4.3 Run Batch Evaluation¶
In the previous section, we assessed a single answer for a single metric, running one Prompty at a time. In reality, we will need to run assessments automatically across a large set of test inputs, with all custom evaluators, before we can judge if the application is ready for production use. In this exercise, we'll run a batch evaluation on our Contoso Chat application, using a Jupyter notebook.

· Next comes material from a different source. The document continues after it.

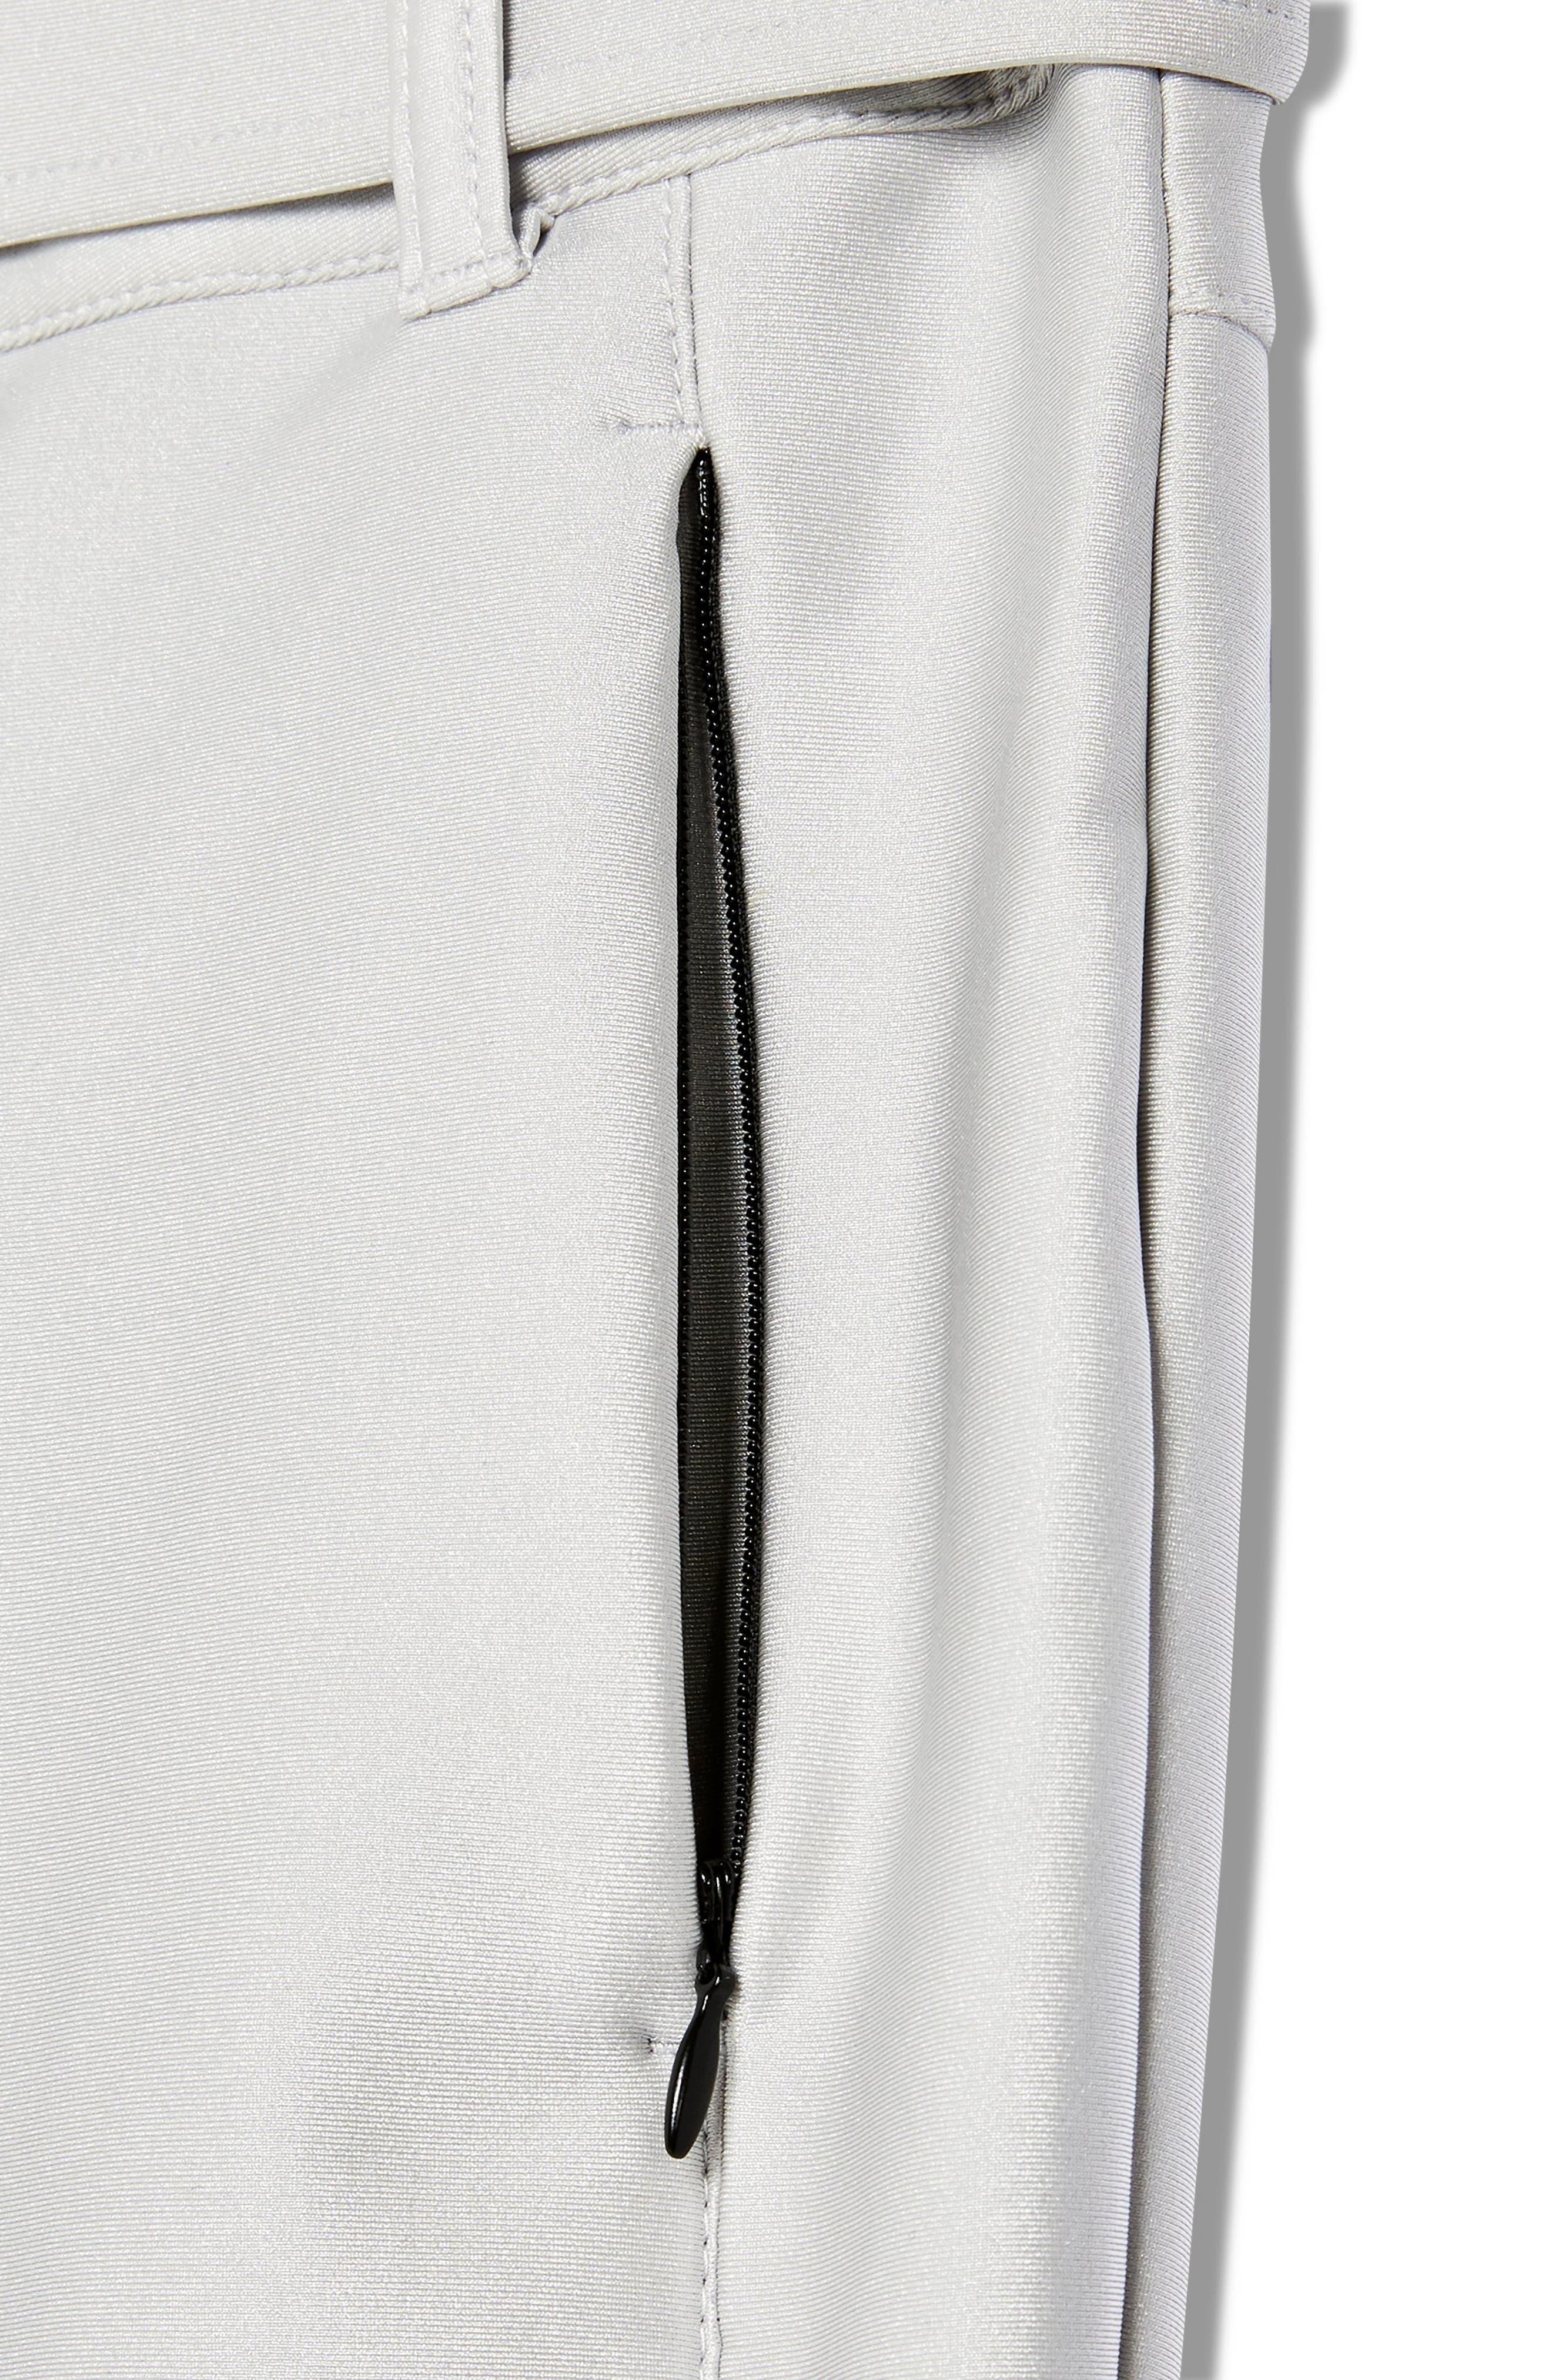 Sno Metallic Alanis Trousers,                             Alternate thumbnail 4, color,                             SILVER MULTI

1. Run Evaluation Notebook¶
Navigate to the src/api
folder in Visual Studio Code.
- Click:
evaluate-chat-flow.ipynb
- see: A Jupyter notebook - Click: Select Kernel - choose "Python Environments" - pick recommended
Python 3.11.x
- Click:
Run all
- this kickstarts the multi-step evaluation flow.
You may see a pop-up alert: The notebook is not displayed in the notebook editor because it is very large
with two options to proceed. Select the Open Anyway
(default) option.
2. Watch Evaluation Runs¶
One of the benefits of using Prompty is the built-in Tracer
feature that captures execution traces for the entire workflow. These trace runs are stored in .tracy
files in the api/.runs/
folder as shown in the figure below.
- Keep this explorer sidebar open while the evaluation notebook runs/
- You see:
get_response
traces when our chat application is running - You see:
groundedness
traces when its groundeness is evaluated - You see: similar
fluency
,coherence
andrelevance
traces
These are live trace runs so you should be able to make the following observations when completed:
- There will be 12
get_response
traces corresponding to 12 chat prompts that are executed by our chat AI. - For each of these responses, you should see 4 traces for each of the 4 custom evaluators we have defined.
- Clicking on an
.tracy
file should open the Trace Viewer window, allowing you to dive into the data visually.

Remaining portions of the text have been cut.